Afridi’s intentions are noble, but he must know that it was impossible to have staged the league, as it is, in Pakistan.
Few, if any, of the foreign stars contacted by the league were comfortable about playing there.
And without them the PSL would just have been a variant on a local domestic Twenty20 tournament.
“I hope it will eventually come back to Pakistan. I really want it to succeed but am 50-50 about crowds turning up. People work here [in the UAE], they have jobs so it won’t be easy. They may come for the evening games.”
If he is cautious about the kind of crowd turnouts, it is perhaps from the awareness that, in some part, it depends on him, as a Pathan captain of the Peshawar Zalmi team.
“The Pathan community is so big here and our matches initially are in the evening I think, so I’m sure they will come for support.”
His support stretches far beyond his own community though.
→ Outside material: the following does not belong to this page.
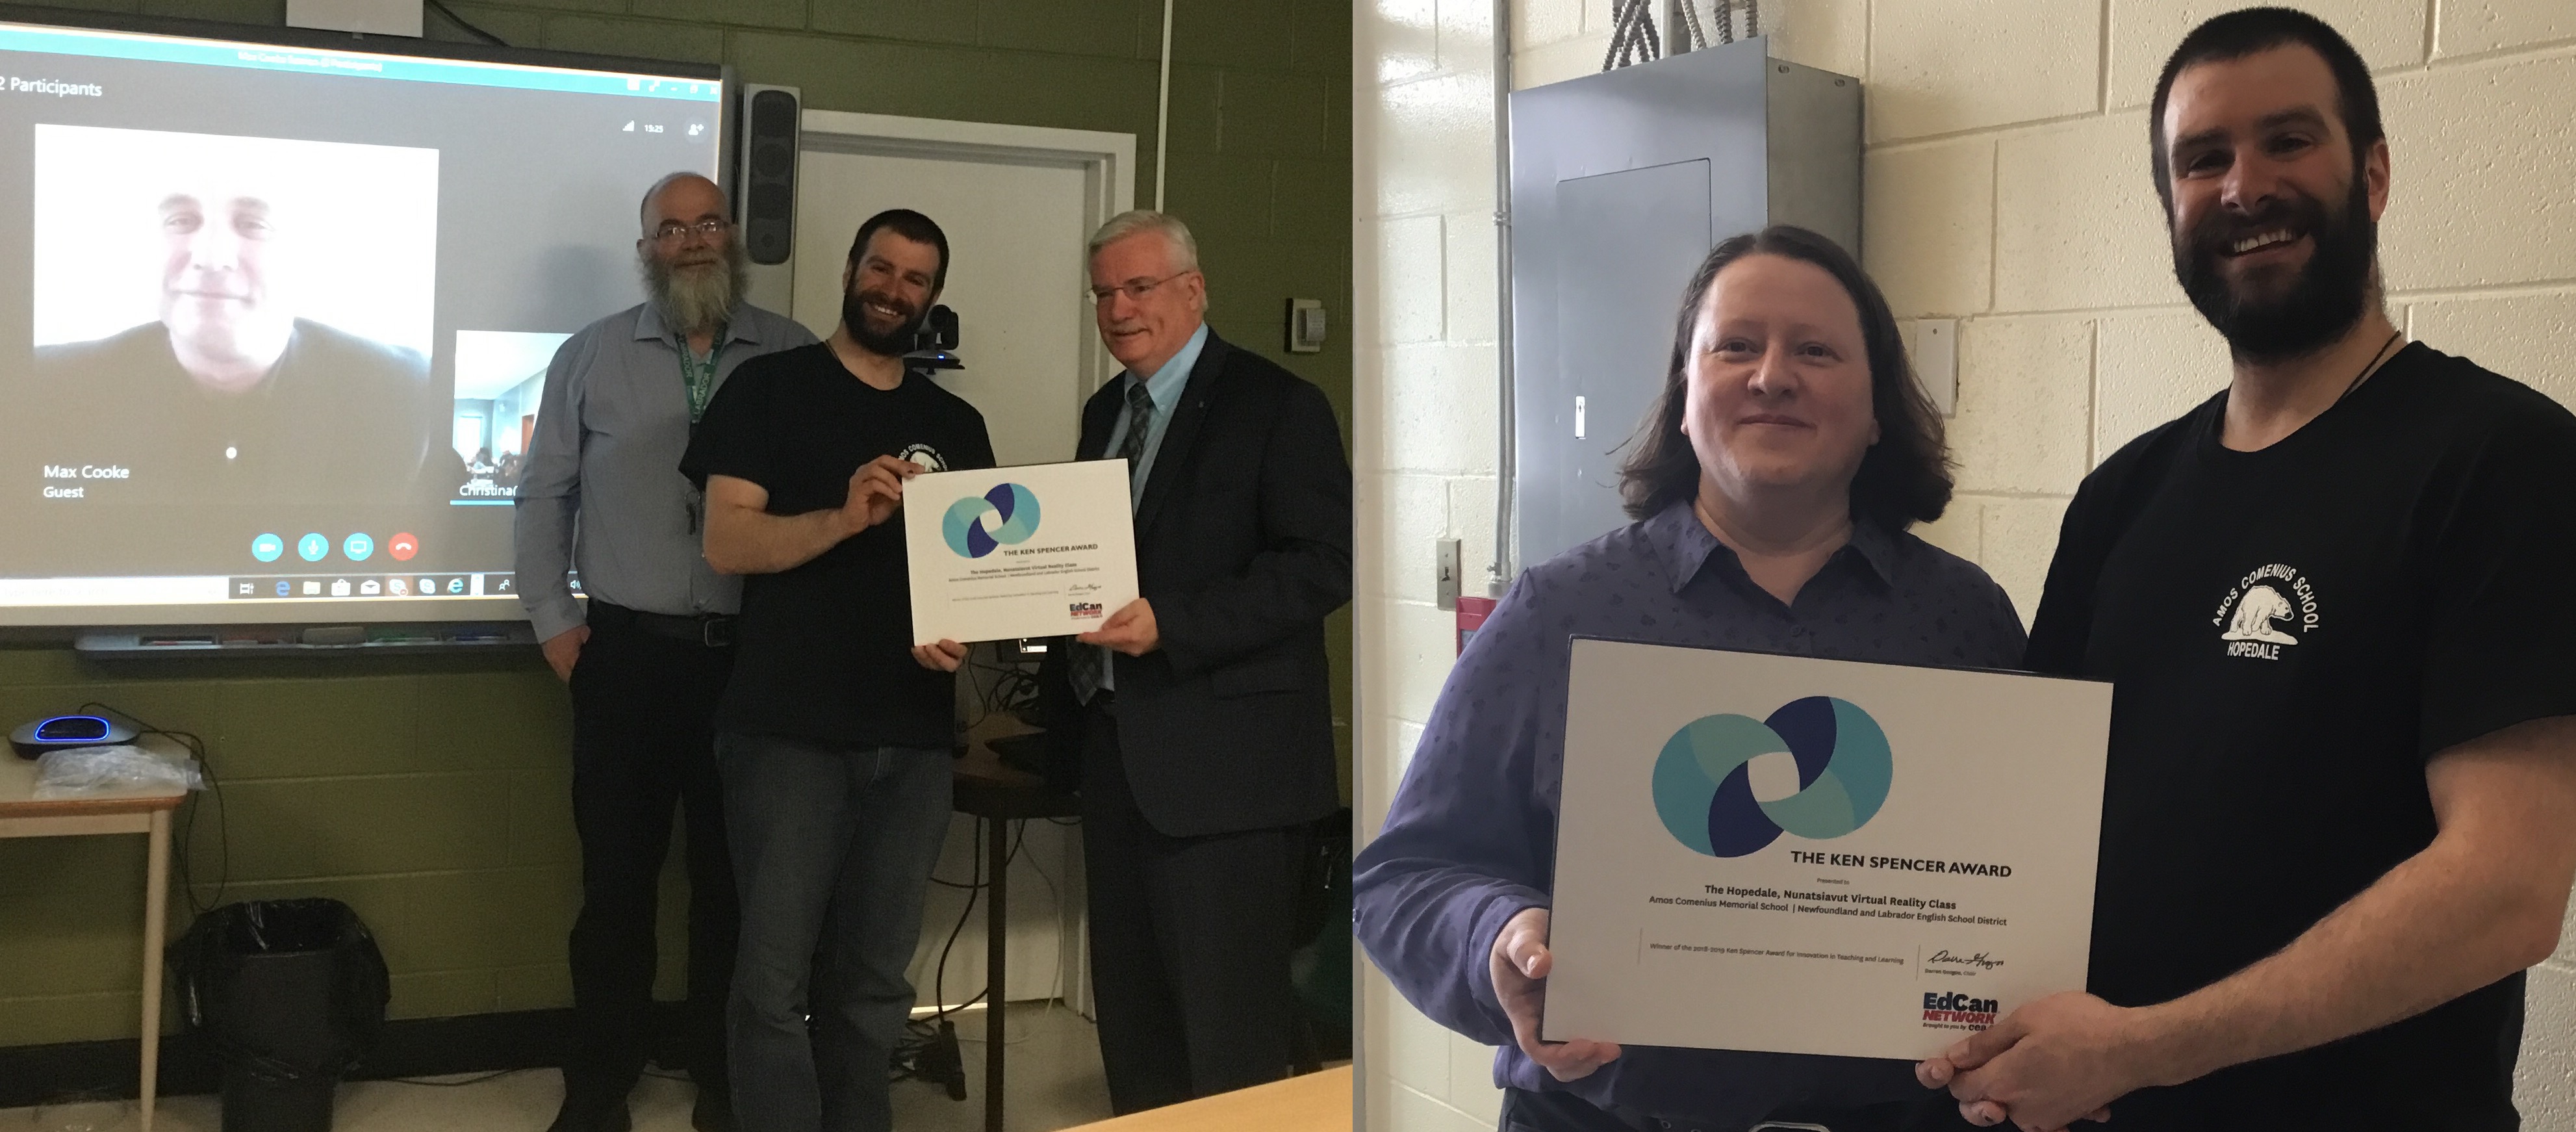 Left Photo: (from l to r) EdCan's Max Cooke (on screen), ACMS Principal Dean Coombs, ACMS teacher Curtis Oliver, District Director of Education Tony Stack. Right photo: District E-Learning Facilitator Andrea Neville with Mr. Oliver

And if it has been a burden as much as it has been a boon, it is unmistakably the sign of a cricketer, of a man, who has mattered, a man who, in many ways, is the PSL’s un-anointed poster boy.
“Obviously, as captain of Pakistan’s Twenty20 side, and Peshawar Zalmi captain, it is a huge opportunity for me too,” he said.
“I know a lot of people will be watching the league, keeping an eye on players. It is huge, a matter of my country’s honour. I just want it to succeed.”